You open up an interesting story here, failover.
So you can failover metadata services.
You mentioned that there is a capability to do that.
What about the storage side of things?
It's the same mechanism we are using underneath.
So it's the same possibility also.
I have mentioned that we have the capability of mirroring the data for the storage server. So
that means that we have one active and one passive metadata
storage server. If one storage server, the primary fails, the
secondary will become the active one. Right, right, right. So it's
definitely a mirrored RAID
one solution kind of thing.
Keep in mind, it is on top of typical RAID protection on a storage layer customers are
using, I mean, soft RAID or hardware RAID.
So it is a double layer of security.
And my question quite often to customers while discussing this is also how much security
you need for your data.
I mean, if we talk about Scratch, just repeat the job if there is a failure.
Don't waste too much budget on security layer.
If you have this as a permanent repository for your data,
security, I mean, data security and integrity becomes much more important.
Right, right, right, right.
It's not like a lot of HPC jobs are doing much of their data activities, a scratch workload kinds of things.
But some of it obviously has to persist beyond that work environment and that sort of thing.
So I understand that logic.
Do you tear behind the solution? I mean, if you've got, you know, mixtures of storage that are, you know,
NVMe SSDs versus disk storage,
do you move data, hot data to NVMe
and slow data back to disk storage
or anything like that?
We have a functionality
which is called Storage Pool.
So with Storage Pool,
you can define on a per directory basis where the data will land while writing into those directories.

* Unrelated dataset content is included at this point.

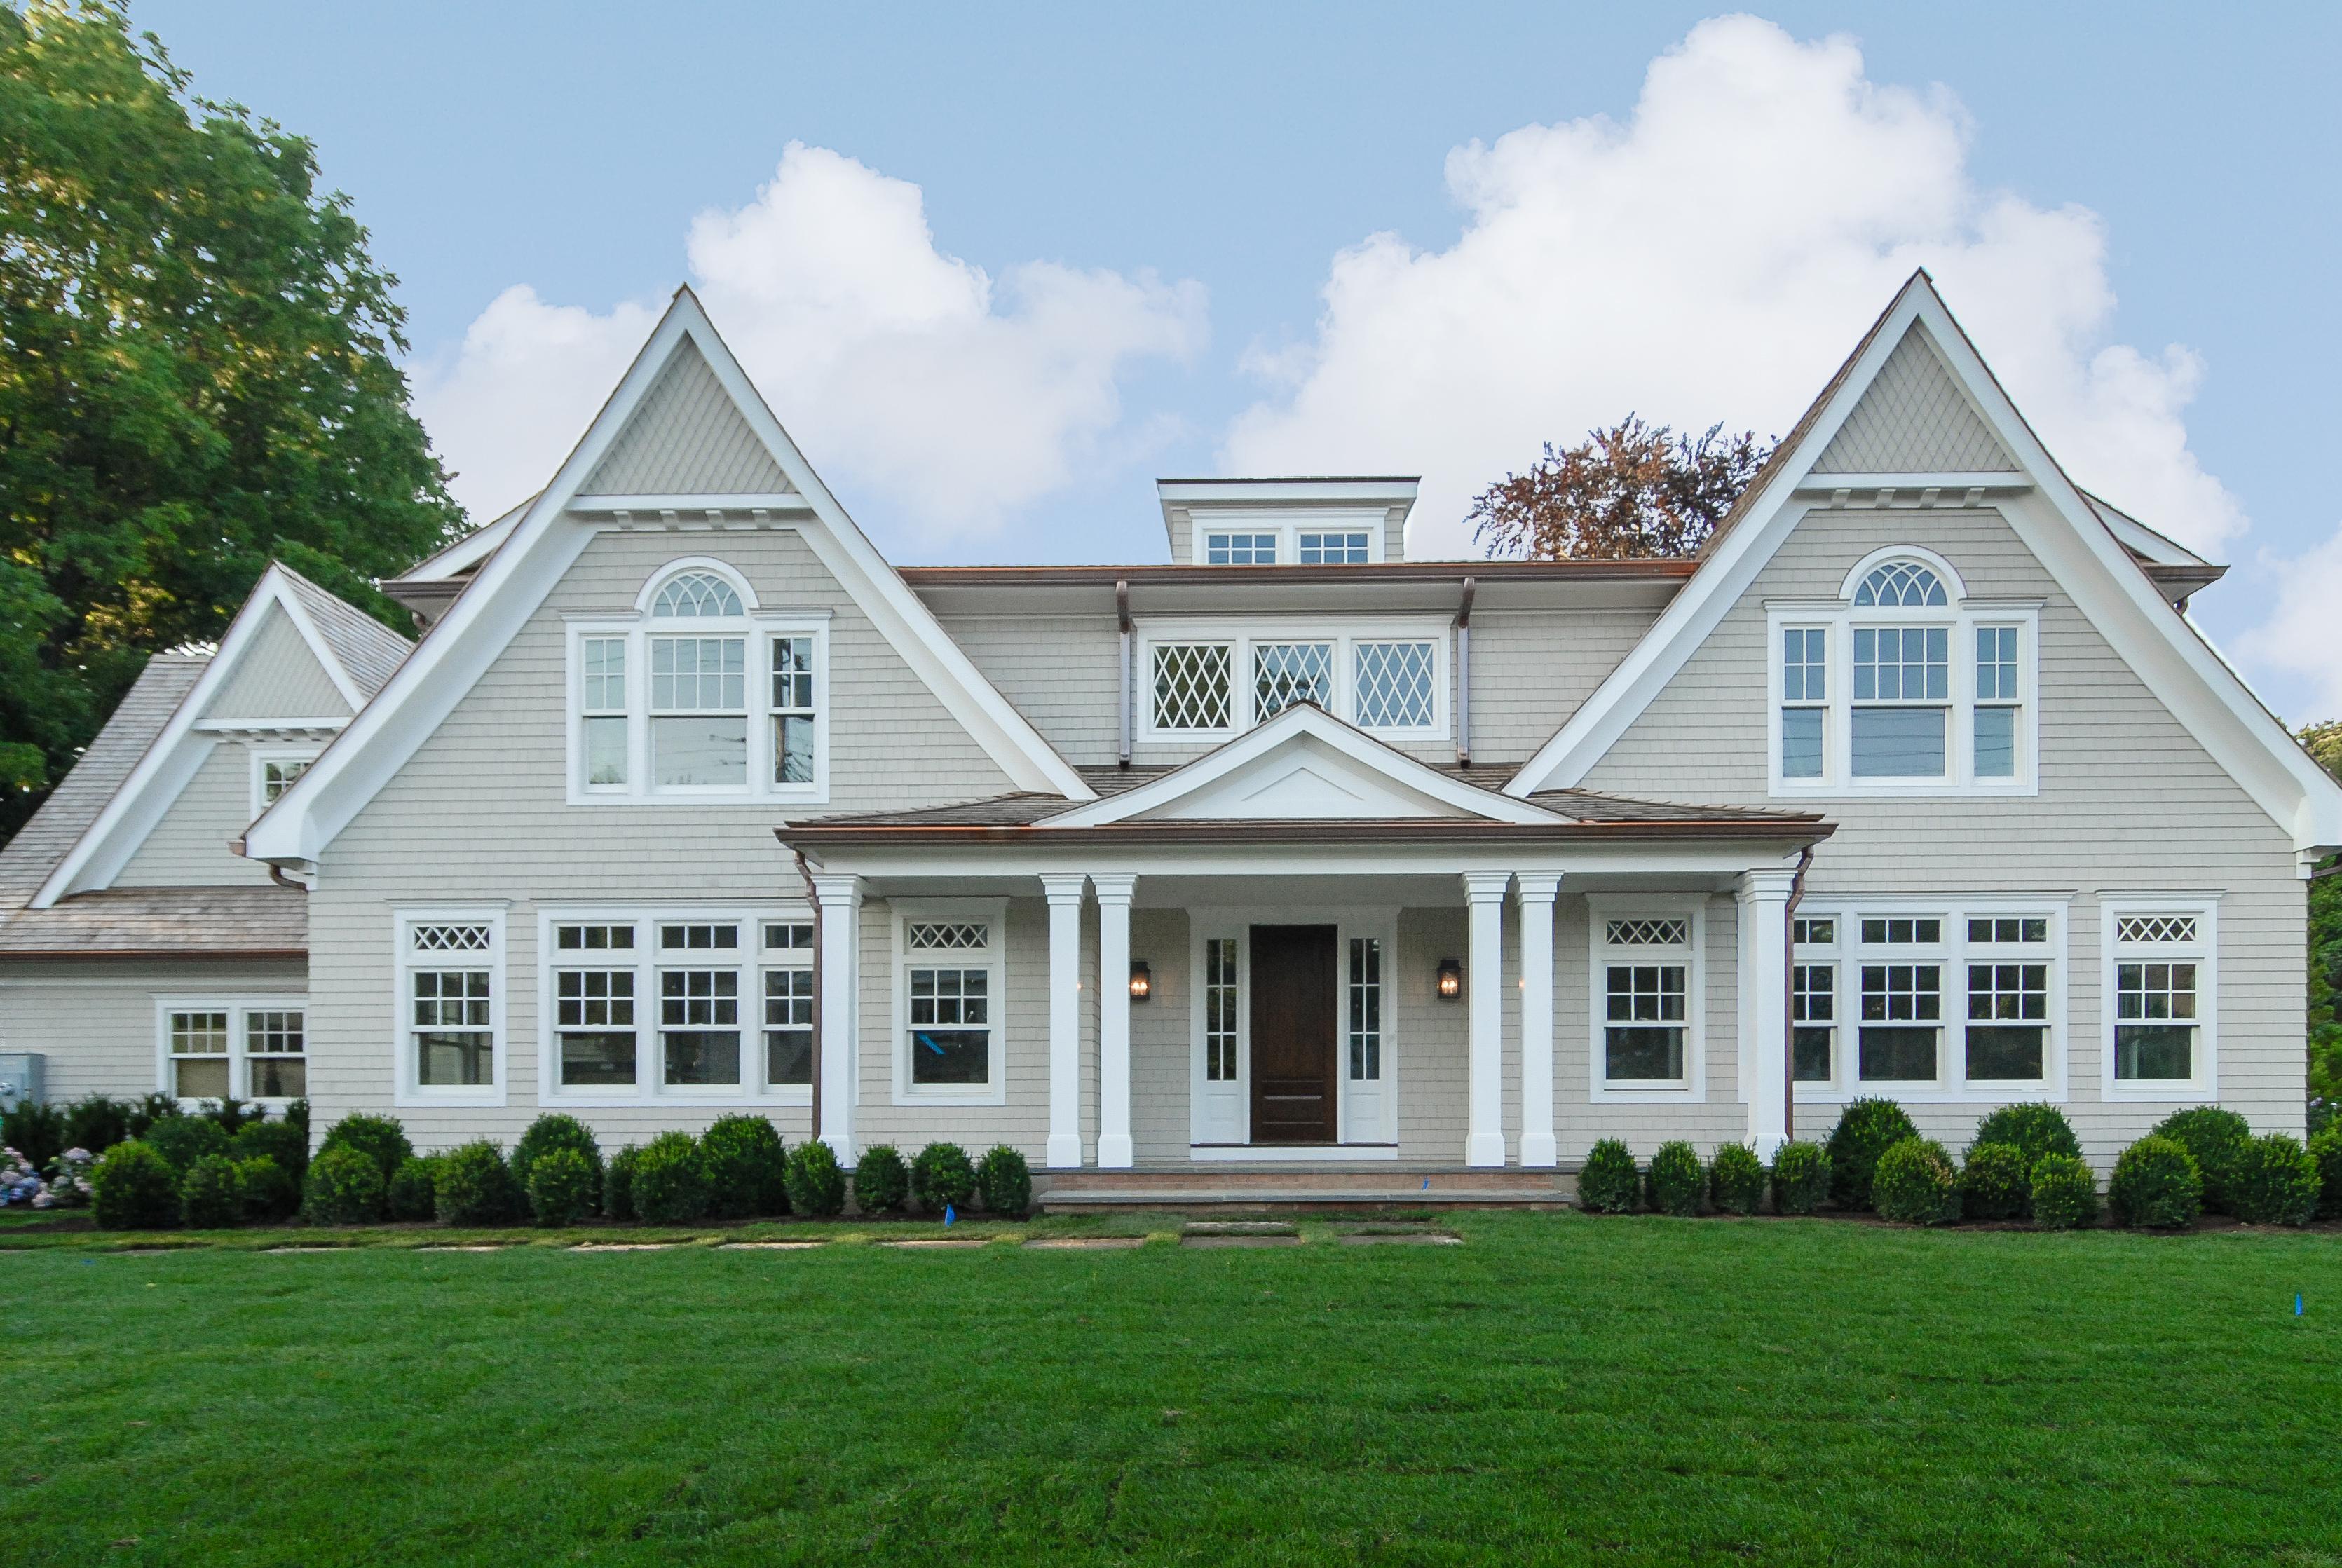 独户住宅 为 销售 在 Magnificent Colonial 131 Apawamis Avenue Rye, 纽约州 10580 美国

If you have a performance directory, it goes on NVMe, while a capacity directory goes on HCD, as an example.
The admin has also manually, as of today, the capability of moving data on a per job basis or whatever the definition
is from hot into capacity we have deployments for example based on irots or starfish where they
collect a lot of meter data where they also have some policy definitions while actively using our CLI interface and moving
data underneath of the storage from a performance tier into a capacity tier.
The reason why we have this implemented this way as of today is that I strongly believe
that if you have a fixed defined workflow, then you can also define
fixed policies when data will be moved from hot to capacity, for example.
While in many customer deployments we have, with all the respect, but the data storage
is quite chaotic.
So a researcher will never define which data needs to be where.
They all want to have data always on the performance tier.
What about nuances, Frank, like compression and deduplication
and that level of control over size requirements?
We see those requirements.
We discuss those. We do not have some implemented and we are still trying to build our mind and also watch how the acceptance on the market space is.
I'm getting the point that all these technologies are some sort of data reduction. So for storage costs, it has huge advantages. That's what I'm getting.
But on the other hand, I'm saying, you know.
Well, you don't want to take a performance hit, right?
Yeah.
You are buying a Ferrari for a good reason.
And you're not trying to reuse a Ferrari to be in a caravan.
Put me this in an analogy. And that's what we are still trying to discuss with customers and
with partners what is the best balanced approach um to yeah to fulfill those kind of requirements
um we need to invest in this uh we are still in the research phase on those functionalities. Fair enough. It strikes me that with enough
server-based storage componentry and enough processing power, you might be able to
divide out those sort of more nuanced functionalities that are
attempting to save space without performance hits.
But yeah, I understand completely what you're saying.
And that's always the trick, isn't it?
You've got to balance the potential benefits of functions like that against the value of
the performance data that you're getting.
Right. And that is exactly the point.
I mean, people using a parallel file system
looking primarily into performance.
And many customers just using it as a scratch
have super high performance on low latency for the data.
And I mean, that's also why many customers
are really looking in NVMe deployments
or a mixture of different technologies
to get really performance out of the box.
Everything else kills performance.
And there are also technologies
like object stores on the market,
which are excellent in storing large amounts of data,
quite cost-effective,
with all these
deduplication technologies.
Excellent.
But they are purpose built for exactly this.
So you mentioned parallel file systems a couple of times.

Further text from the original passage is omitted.